La Cour de Justice des Communautés Européennes, saisie par le Conseil d’État à titre préjudiciel, a donné sa position le 12 février 2008 (7). Elle se prononce en faveur de la restitution des aides illégales, malgré leur approbation postérieure par la Commission : « les juridictions nationales doivent, en principe, faire droit à une demande de remboursement des aides versées en violation de l’article 88 § 3 CE. En effet, la décision finale de la Commission n’a pas pour conséquence de régulariser, a posteriori, les actes d’exécution qui étaient invalides du fait qu’ils avaient été pris en méconnaissance de l’interdiction visée par cet article. (…) le juge national, nonobstant la constatation de la compatibilité avec le marché commun de l’aide en cause, doit statuer sur la validité des actes d’exécution et sur le recouvrement des soutiens financiers accordés. Dans un tel cas, le droit communautaire lui impose d’ordonner les mesures propres à remédier effectivement aux effets de l’illégalité ».
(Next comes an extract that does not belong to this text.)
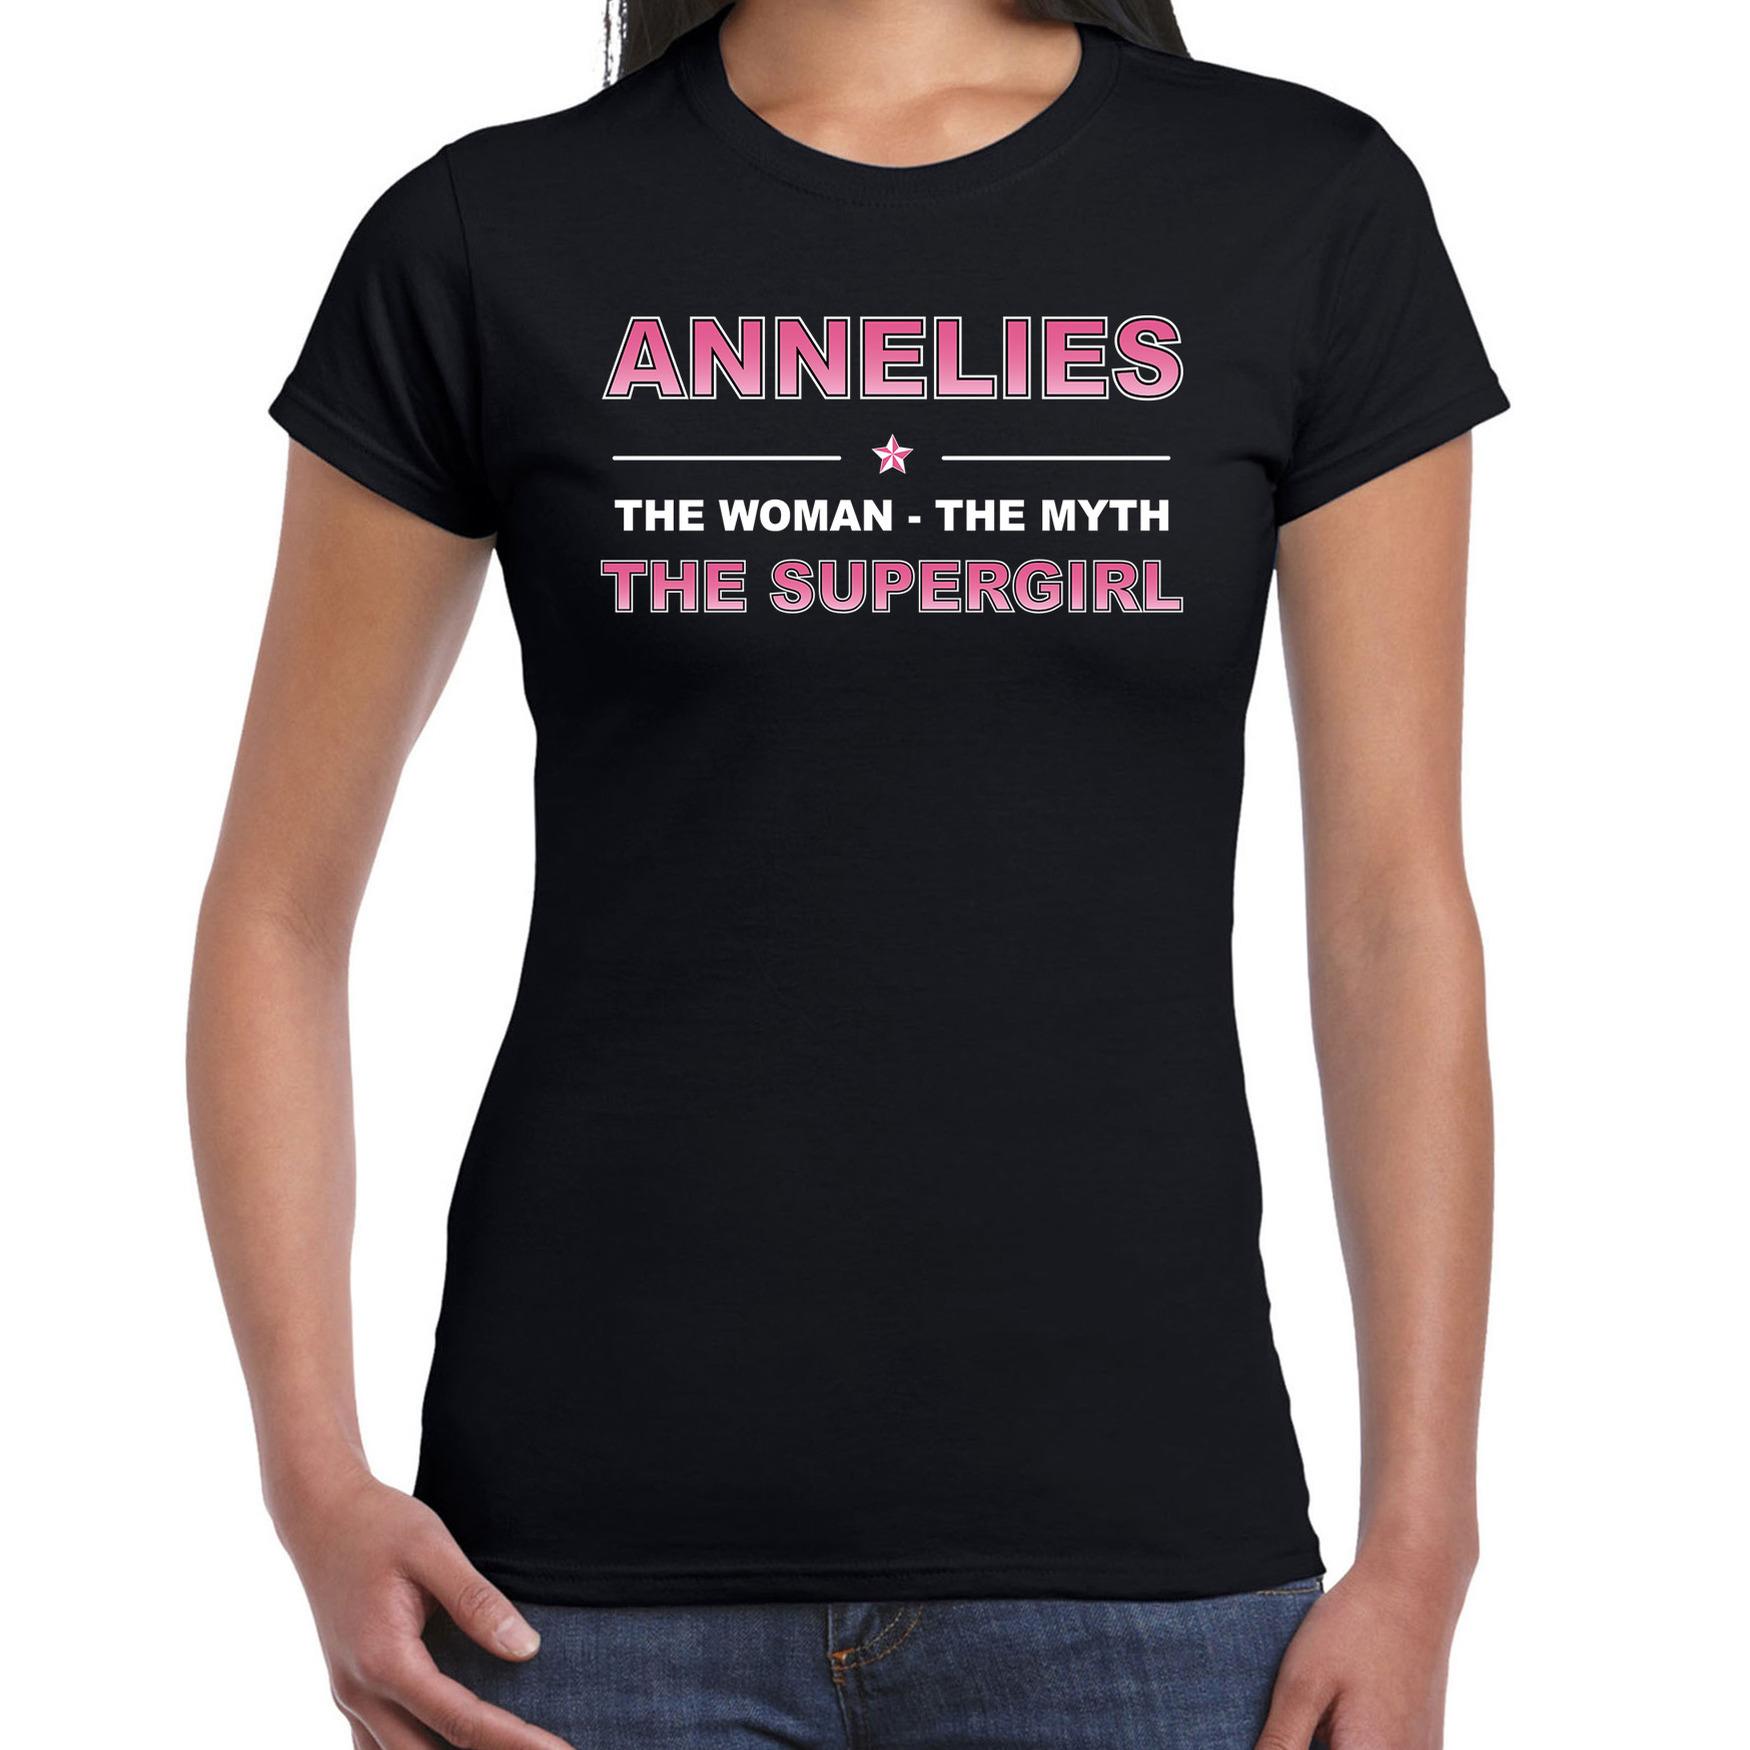 Naam cadeau t-shirt / shirt Annelies - the supergirl zwart voor dames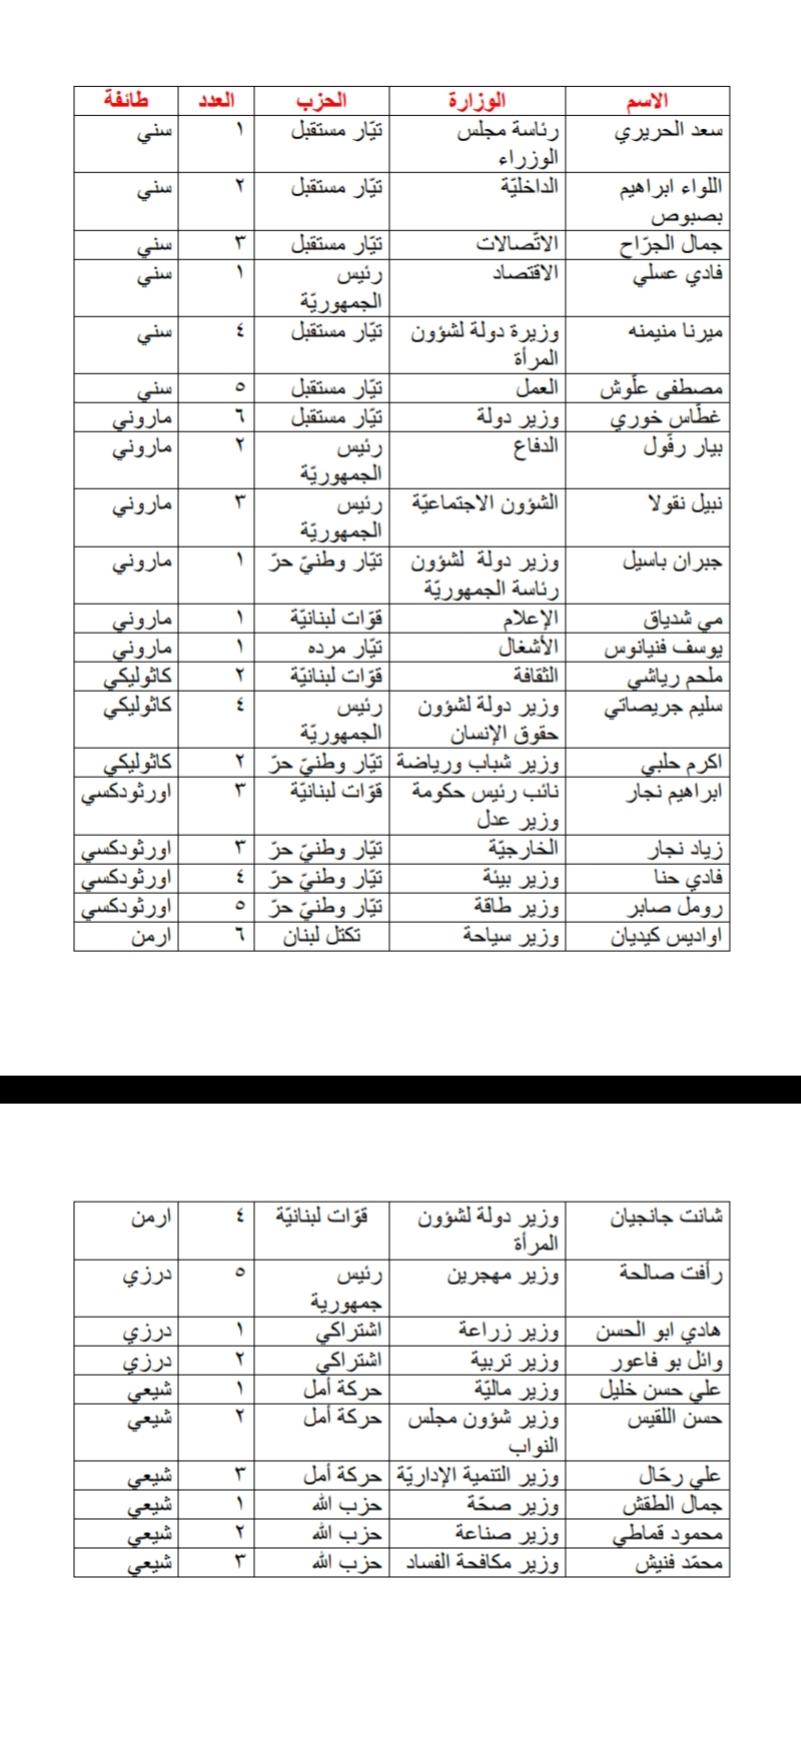 بالأسماء ما هو شكل الحكومة اللبنانية الجديدة

La Cour précise que toute autre interprétation conduirait à favoriser l’inobservation par l’État membre concerné de cette obligation et la priverait de son effet utile. Elle ajoute qu’elle n’impose pas, même en l’absence de circonstances exceptionnelles, une obligation de récupération intégrale de l’aide illégale.
Roland LIENHARDT
Avocat au barreau de Paris
(1) Cour administrative d’appel de Paris, 4ème chambre – formation A, 5 octobre 2004, n° 01PA02717.
(2) Article 87 § 3 d) du traité CE.
(3) CJCE 22 novembre 2001, « Ferring », C-53/00.
(4) CJCE 24 juillet 2003, « Altmark », C-280/00. Voir « Cour de Justice des Communautés européennes : régime des aides d’État », La Lettre de Nodula n° 118, septembre 2003, page 951.
(5) CE, 10ème et 9ème sous-sections réunies, 29 mars 2006, n° 27493.
(6) CJCE 11 juillet 1996, « SFEI e.a. », C-39/94.
(7) CJCE 12 février 2008, « CELF, Ministre de la culture et de la communication c/ SIDE », C-199/06.